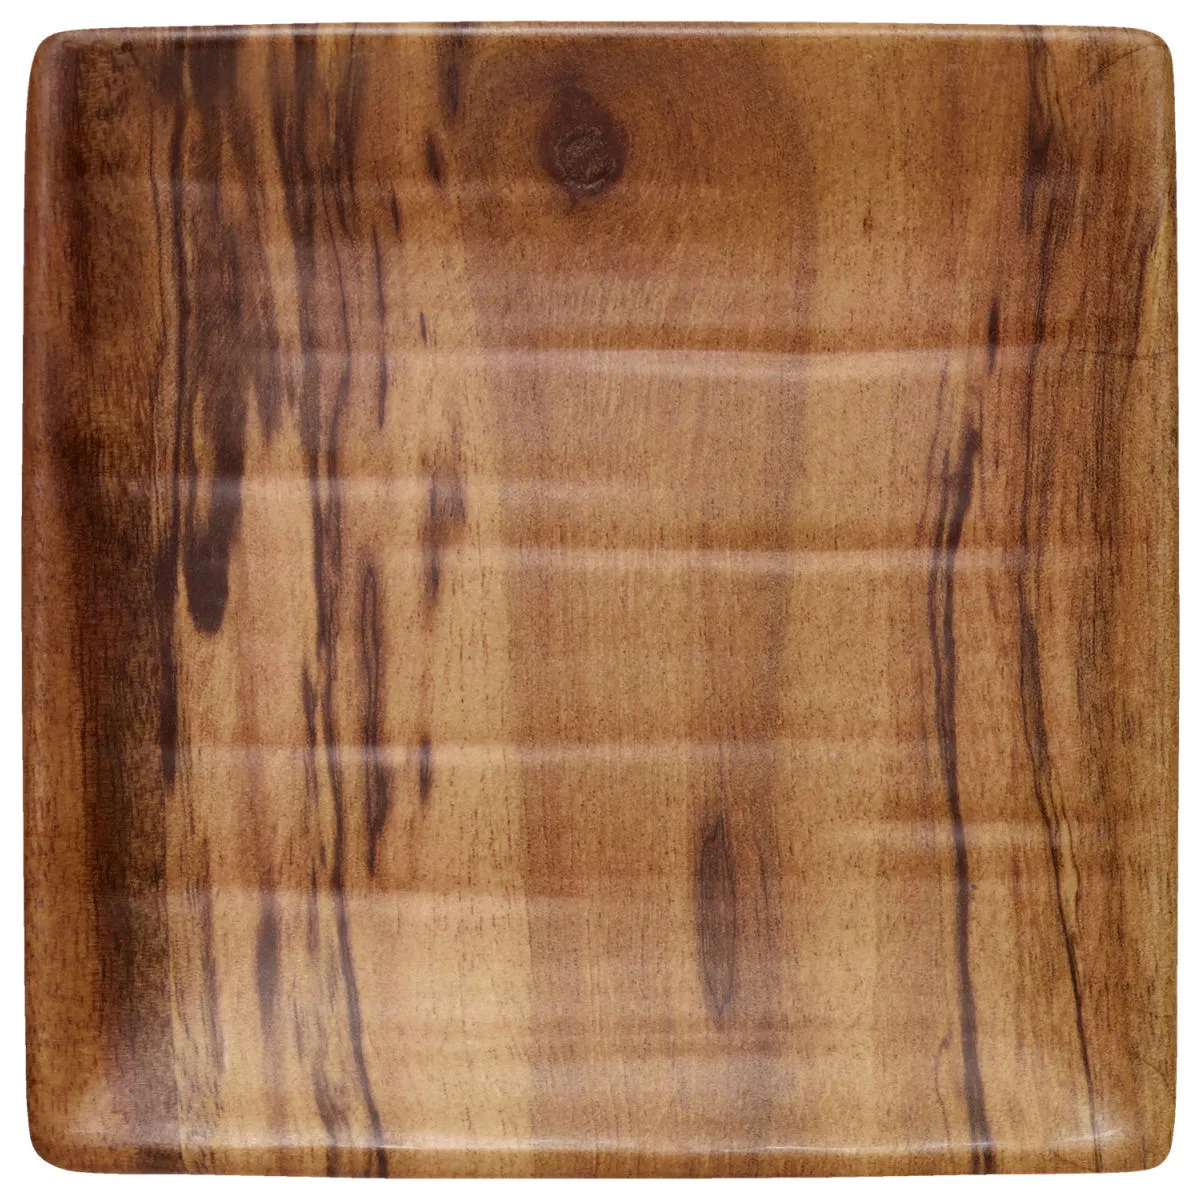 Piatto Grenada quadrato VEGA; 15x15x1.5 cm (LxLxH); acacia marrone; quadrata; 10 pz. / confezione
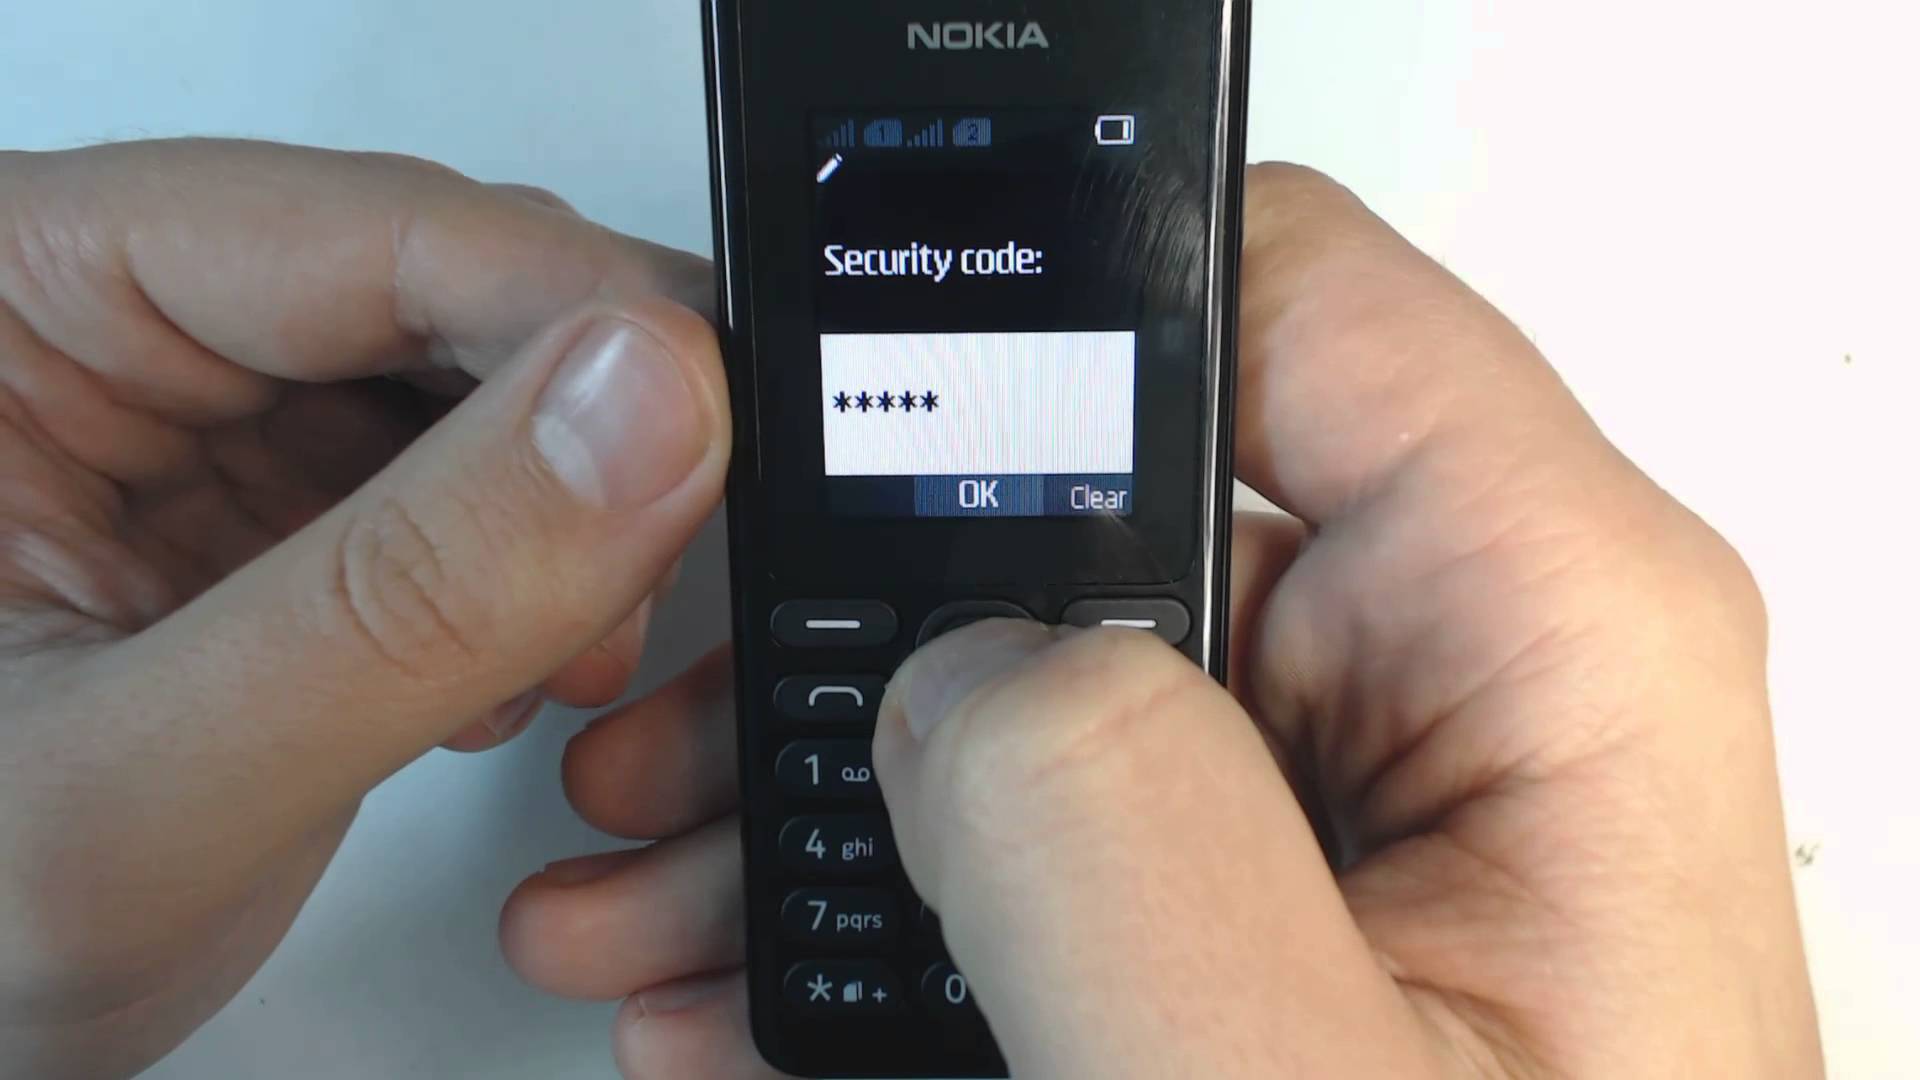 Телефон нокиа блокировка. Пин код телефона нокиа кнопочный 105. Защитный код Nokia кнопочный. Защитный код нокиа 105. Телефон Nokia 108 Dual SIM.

* * *

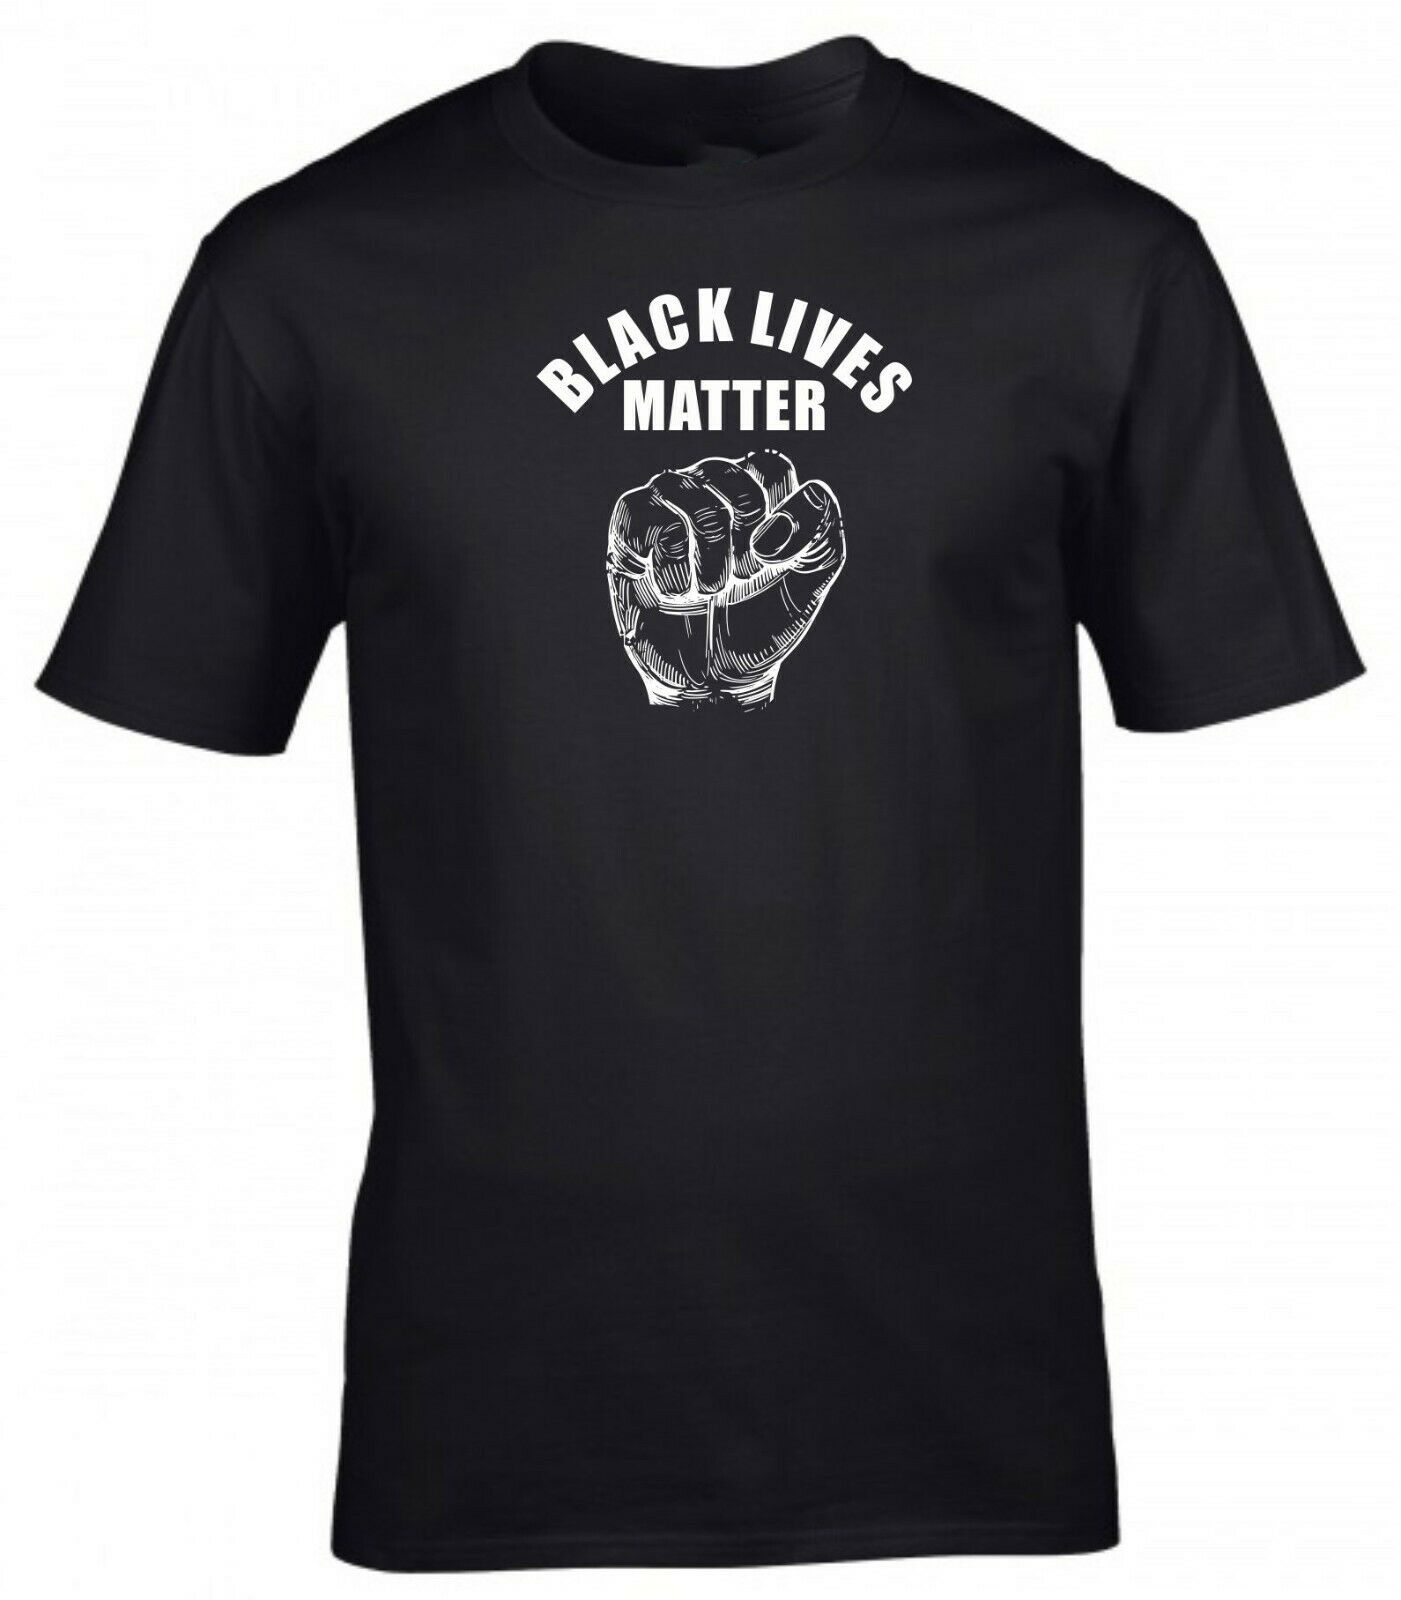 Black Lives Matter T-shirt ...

## ASSIGNMENT
For this exercise, transcribe exactly the part of the records above that opens with the line containing "Piatto Grenada quadrato" and closes with the one containing "Телефон нокиа блокировка.". Pictures are not part of the copy.

## SOLUTION TO THIS PROBLEM
 Piatto Grenada quadrato VEGA; 15x15x1.5 cm (LxLxH); acacia marrone; quadrata; 10 pz. / confezione
 Телефон нокиа блокировка. Пин код телефона нокиа кнопочный 105. Защитный код Nokia кнопочный. Защитный код нокиа 105. Телефон Nokia 108 Dual SIM.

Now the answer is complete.